Tonight, in bed, you said you loved India. I assumed that’s because it’s the only foreign country you’ve visited, but no, you said. You told me how everyone used to want to go to India because it was the land of gold and jewels. And how everyone there has beautiful dark skin. But you don’t like the pollution and litter.

I said the water is also very dirty, so dirty that people who drink it can get terribly sick. (I thought of Flint.) I said things aren’t very good for girls there either. (We talked about how Nani wanted to come to America, how she wanted a better life for me, how this is a place where women like her can become successful.)

“What’s success?” you asked. And then you answered your own question before I could. “Happiness?”

“Yes, my love. That is exactly what it is.”

“Then you’re very successful, mommy.”

Indeed I am. All thanks to you, your sister, and your daddy.

Why weed

I’ve liked weed since the first time I tried it at Senior Week, when a friend told me about how some guy in our high school had had sex with some girl in our high school. It was scandalous in the dumb way teenage hook-ups are, and she followed up the revelation with the usual “Don’t say anything.” But then she added: “Well, it’s not like we’re ever going back.”
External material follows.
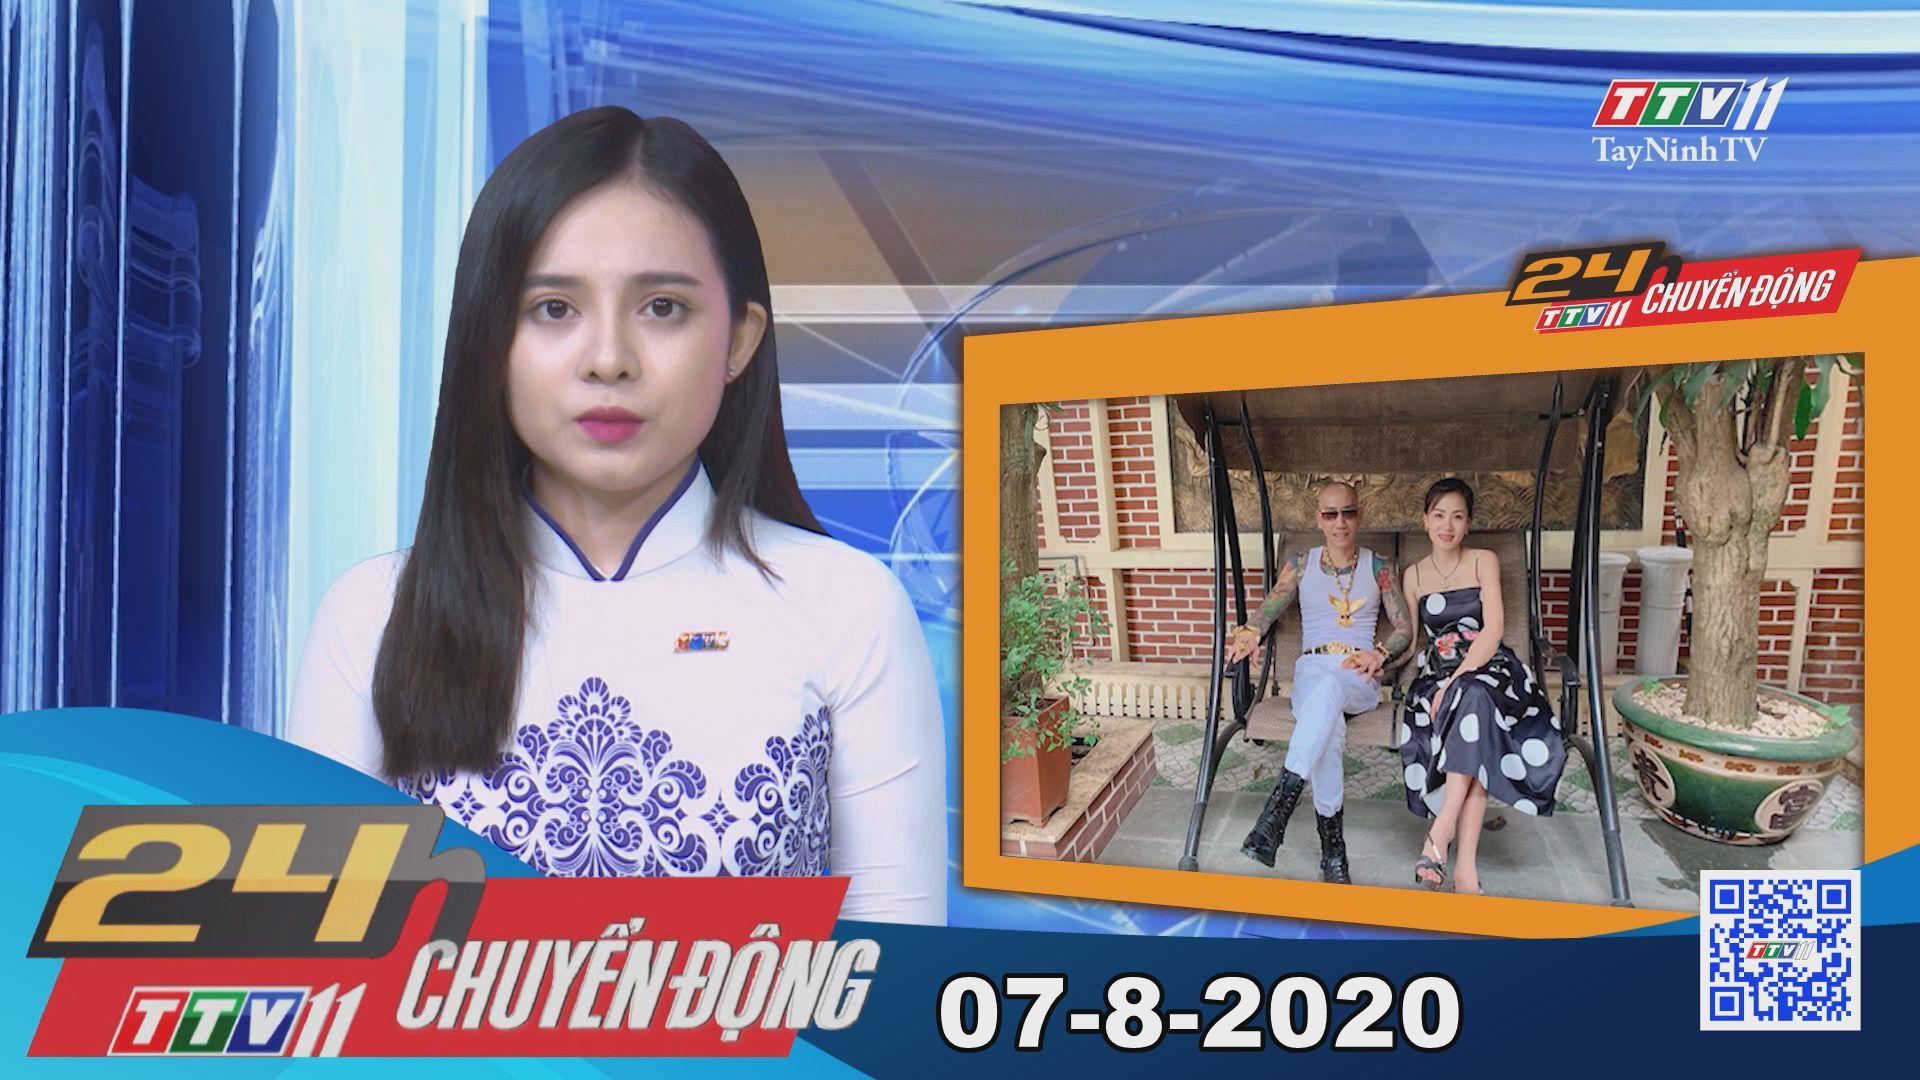 24h Chuyển động 07-8-2020 | Tin tức hôm nay | TayNinhTV

That shit was deep. I was officially high.

Fourteen years later, I think those revelations are still one of my favorite things about marijuana, though the list is long. I love thinking, analyzing, getting high and gazing at the stars, feeling both the weight of my insignificance and the sense of belonging in a vast and seemingly infinite universe.

I love laughing until my stomach hurts and my cheeks turn numb, the pain in my abs harder and more wonderful than any workout could ever produce. I love polishing off the last bite of a delicious meal with unbridled satisfaction. I love waking up hangover-free. But perhaps most of all, I love the clarity and introspection of the herb, being present in a way that allows me to live in the beauty of my life and the magic of my children’s youth.
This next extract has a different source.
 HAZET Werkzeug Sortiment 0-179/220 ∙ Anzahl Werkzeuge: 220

I know that makes me sound like a total stoner, which I sort of am, but maybe not in the stereotypical way. I don’t smoke nightly and there’s a part of me–a big part, actually–that worries about this blog. And not for the practical reasons, like, “Will I lose my job?”; but rather, the anxiety over the messages I want to send: About values and vices and my overarching thoughts on drugs, life, parenting, work, marriage and love.

Am I getting it right? Am I fucking up completely? I want to preface every post with: “This is what I believed at 32!” Who knows how that will change. Isn’t that the beauty of it all? That we get to keep going and hopefully reach a place where we get it right?

But I guess those are all thoughts for another post, on another day. For now, I just want my girls (and Mr. D) to know that my love for them is as vast and infinite as the universe itself. And maybe that’s what I love about marijuana. In a life that moves astonishingly fast, I get to slow down time when I’m with you.

IMG_2794

Nothing says I love you like a vomit hug

Love can be candy and roses, and it’s wonderful when it is. But it’s also picking regurgitated carrots from your daughter’s curls. It’s watching your husband scrape projectile vomit from the cup holders of your car on a 12-degree day. It’s ugly and gross, in sickness or in health, for better or worse.

That’s how we spent our Valentine’s Day 2016. Not ideal, but real. And I think it was the most accurate metaphor for love.

I could probably write more, but I’m still queasy, and someone else has already articulated this far more eloquently:

Grit Is Often The Best Description Of Love. It was easy to love [my wife] when we were newlyweds. Easy for her to love me during seasons of comfort. But it’s much more difficult to fight for love when you lose a baby. Or have a huge financial setback. Or confess a really ugly secret about yourself. Fairy tales are great for movies, but real life is more often confusing, chaotic and messy. Dig in when it gets hard.